Year

2017

Department

School of the Arts, English and Media

Abstract

This practice–led research project examines contemporary thinking on and definitions of place and the phenomenon of globalisation as they pertain to my art practice. The dissertation presents an analysis of the temporal and spatial effects of nostalgia in a globalised world in which migrations and other movements disrupt familiar connections and collective identities. It focuses on the profound impact that globalisation is having on the basic ontological concepts of space and time by investigating ways in which the past is and has been recorded, mediated and re–experienced, particularly through the photograph.

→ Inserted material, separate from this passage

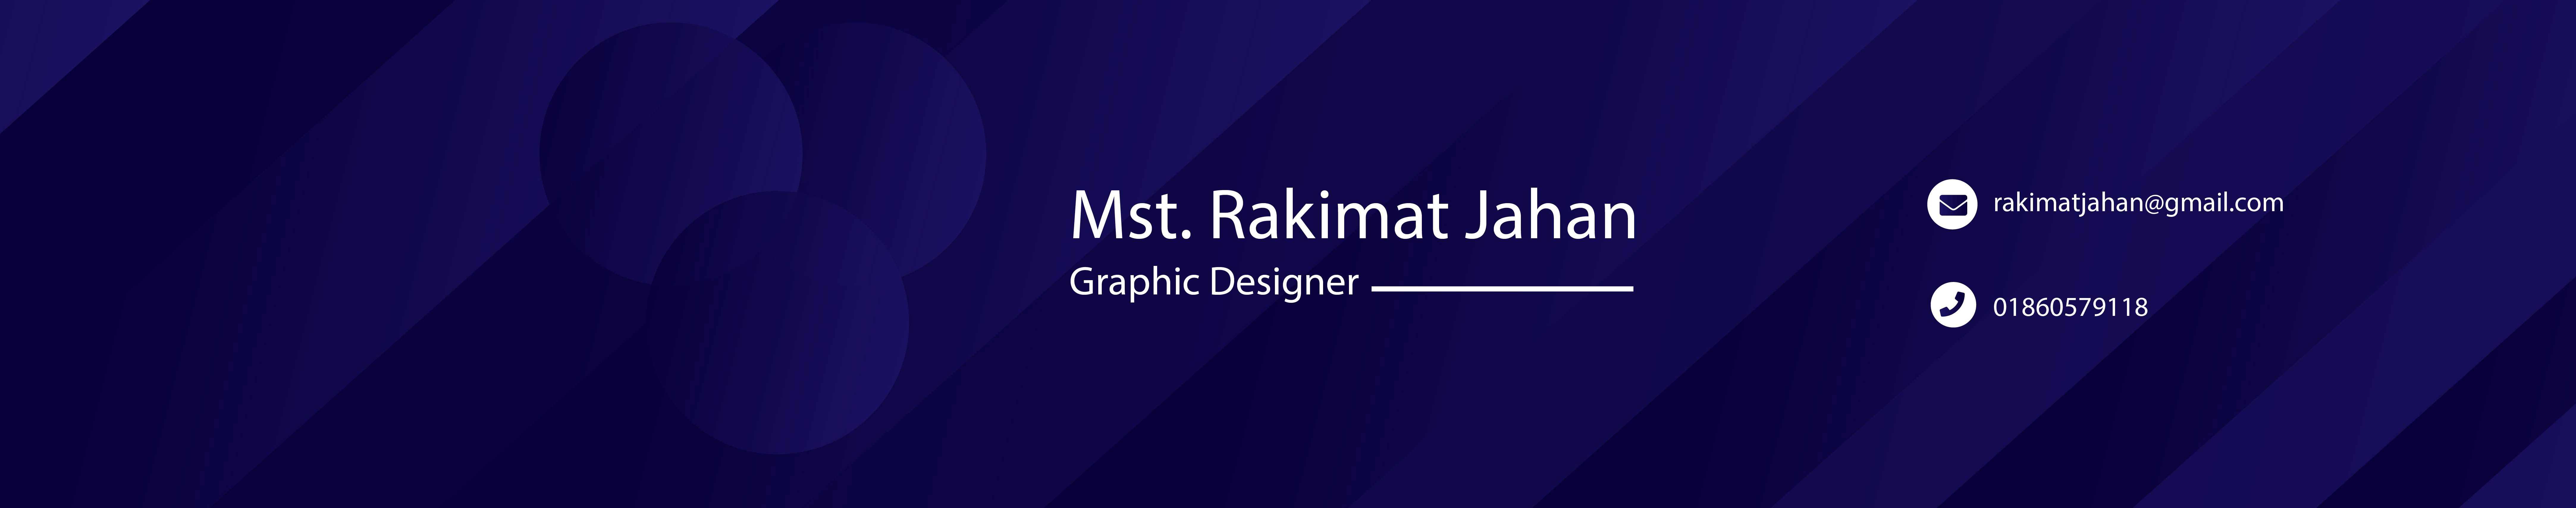 Mst. Rakimat Jahan 的个人资料横幅

The practical component of the research comprises four artworks: Taken on the same day as the other photo (an artist book and photographic series), Agency of Inanimate objects and Blue Distance – each explores ideas that are central to methods that engage in new possibilities for exploring the photograph as the form of an idea via an expanded photographic materiality. These artworks extract the subject (of whatever kind) from the place of origin and locate it through a universal orientation, free of specific geographical and temporal coordinates. Throughout the discussion of the artworks, I explore the misalignment between spatial and temporal experiences and how these differences manifest themselves both visually and psychologically by using key themes of the ruin and the concept of place.

Through a convergence of practice–led research and philosophical and theoretical discourse I reflect on the artworks and their relationship to how my methodology and specific approaches to art making function as a form of 'gleaning': a poetic scavenging that also resonates with the philosophical terrain of the relationships between place, nostalgia and diaspora.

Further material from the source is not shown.